The bold numbers indicate the best results.

Table 3

Performance comparisons between models on Twitter15 + Twitter16 and PHEME datasets.

According to the results, the performance of the two first baseline models (i.e., SVMC and DTR), which are based on handcrafted features, is significantly low in both training sets. The RFC-AVG method performs relatively well, with an accuracy of 0.665 for Twitter15 + Twitter16 and 0.793 for PHEME. This indicates that, by simply averaging the features of all tweets in the propagation process, the performance of the model can be improved. The more advanced model RFC-PR outperforms the RFC-AVG model on both training datasets. This is because the RFC-PR model can combine information of the source and response tweets by using PageRank as their importance weights. This performance enhancement proves that the propagation features extracted by calculating the PageRank values can be leveraged to differentiate rumors. Among baseline models, the RvNN achieves the best performance, with an accuracy of 0.744 for the Twitter15 + Twitter16 dataset and 0.825 for the PHEME dataset. The improvement comes from using a Tree-structured Recursive Neural Network to aggregate information of tweets in the propagation process.

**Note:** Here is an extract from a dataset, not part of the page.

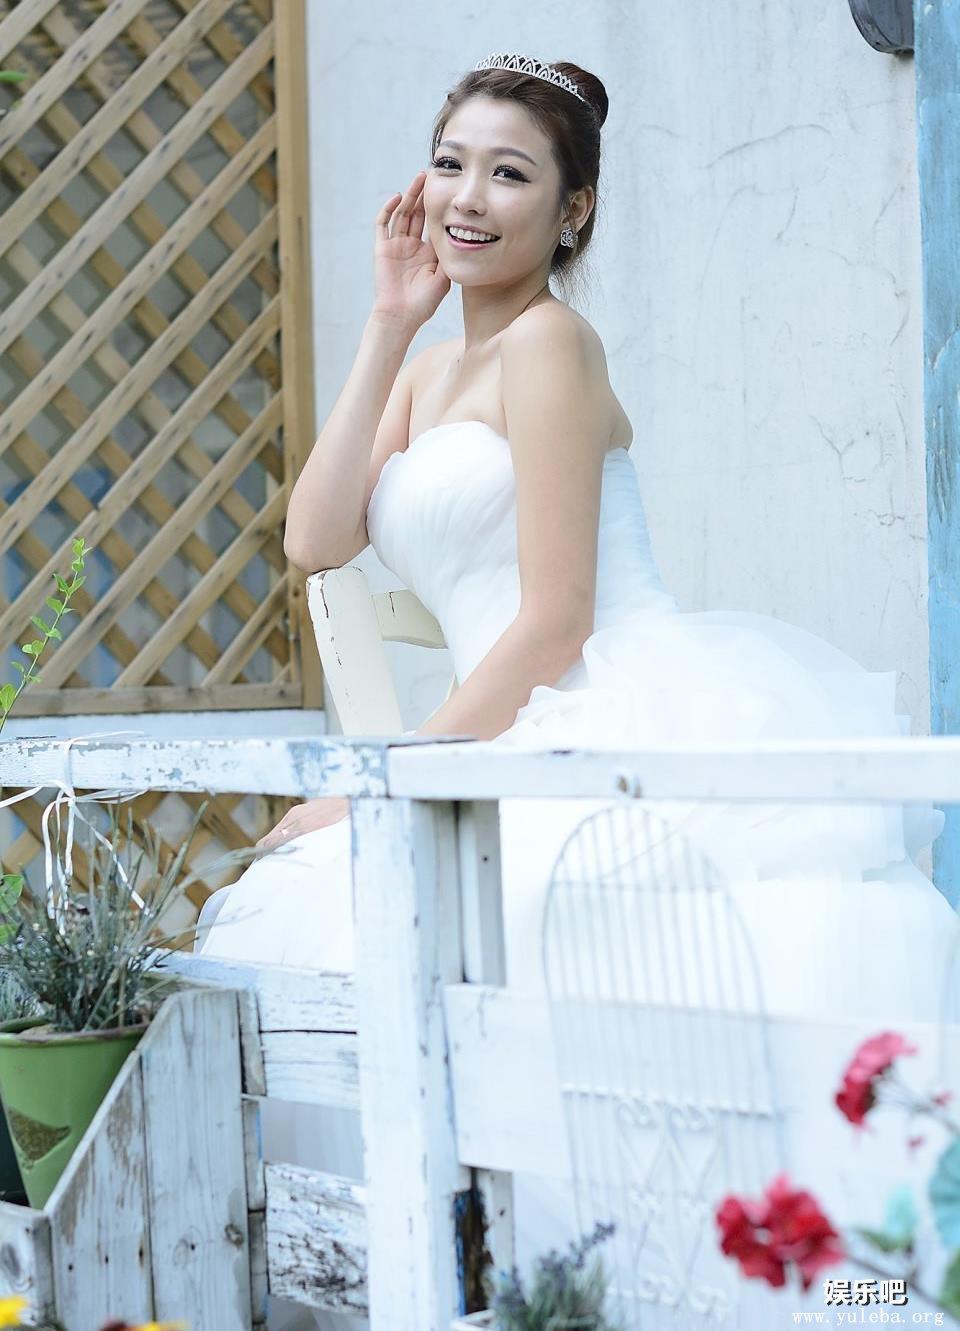 穿上婚纱的韩国美女李恩慧,穿上婚纱的韩国美女李恩慧
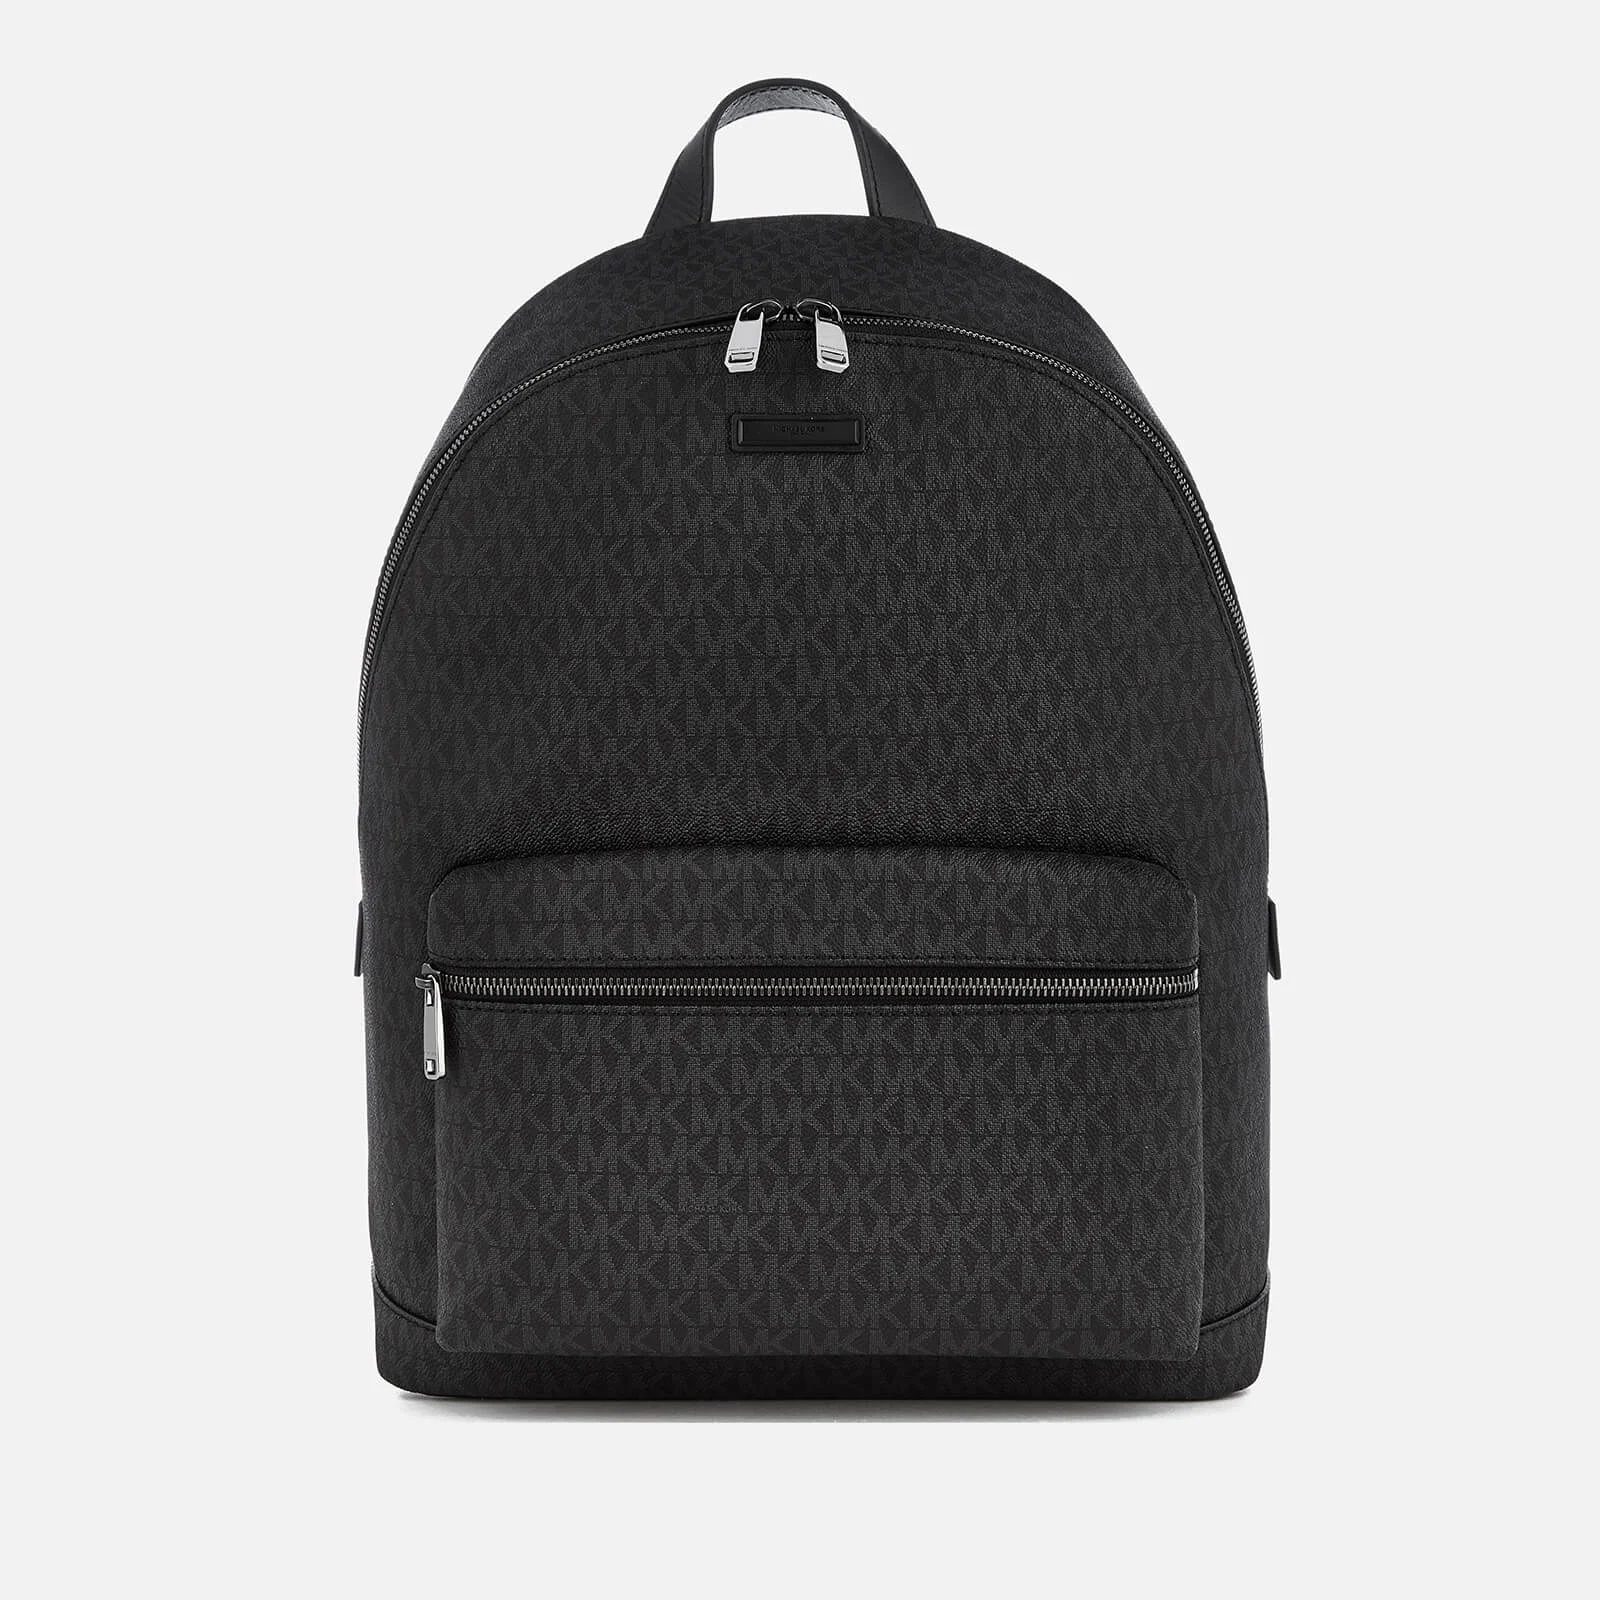 Michael Kors Men's Jet Set Logo Backpack - Black Image 1

However, the proposed model outperforms all baseline models on both datasets for most aggregator functions. For the Twitter15 + Twitter16 dataset, the proposed model, which uses the mean, convolutional, and linear aggregator, achieves a better accuracy than the best baseline model RvNN. Besides, the model using the linear aggregator, which is trained in the supervised manner, achieves the best results in terms of accuracy, macro-F1, and F1 score for three classes (nonrumor, true rumors, unverified rumors). The supervised model using the mean aggregator gives the best F1 score in predicting false rumors. For the PHEME dataset, the supervised model applying the mean and LSTM aggregators has the best accuracy of 0.842. In addition, the supervised model, which uses the mean aggregator function, also has the best performance in F1 score and recall metrics. The supervised model using the convolutional aggregator has the best precision among models. Comparing between the best version of the proposed model and baseline models, the proposed model reduces the error of detection by approximately 10.2% and 9.7% in the Twitter15 + Twitter16 and PHEME datasets, respectively.

In our model, supervised learning generally outperforms semi-supervised learning for all aggregator functions except for the pooling one. This is because the node embedding model in semi-supervised learning is optimized for a different objective function. However, the semi-supervised models can prove their advantage when the size of labeled training data is small (see Section 5.4.2). Comparing the models that apply different aggregator functions in the semi-supervised training method, the linear aggregator function outperforms other aggregator functions, whereas the LSTM aggregator function has the lowest performance in the Twitter15 + Twitter16 dataset. For the PHEME dataset, the best and the worst semi-supervised models are the models using the LSTM and pooling aggregator, respectively. In the supervised training method, the model using linear aggregator function outperforms other aggregator functions on the Twitter15 + Twitter16 dataset. Besides, the model using the LSTM aggregator performs worst in this dataset. However, the models using the mean and LSTM aggregator functions achieve the best accuracy for PHEME. In contrast, the model using pooling aggregator function has the lowest performance among aggregator functions.

5.4.2. Comparison between semi-supervised and supervised models

To compare semi-supervised and supervised learning methods when the size of a training dataset is small, we train the model with different sizes of training data. Figures 4 and 5 illustrate the accuracy of semi-supervised and supervised models with different sizes of data in the Twitter15 + Twitter16 and PHEME datasets. In the Twitter15 + Twitter16 dataset, we randomly pick 500, 1000, 1500, and all items for training. In the PHEME dataset, we randomly choose 1000, 3000, 5000, and all items for training.

Figure 4

Comparison between semi-supervised and supervised models for the Twitter15 + Twitter16 dataset.

Figure 5

Comparison between semi-supervised and supervised models for the PHEME dataset.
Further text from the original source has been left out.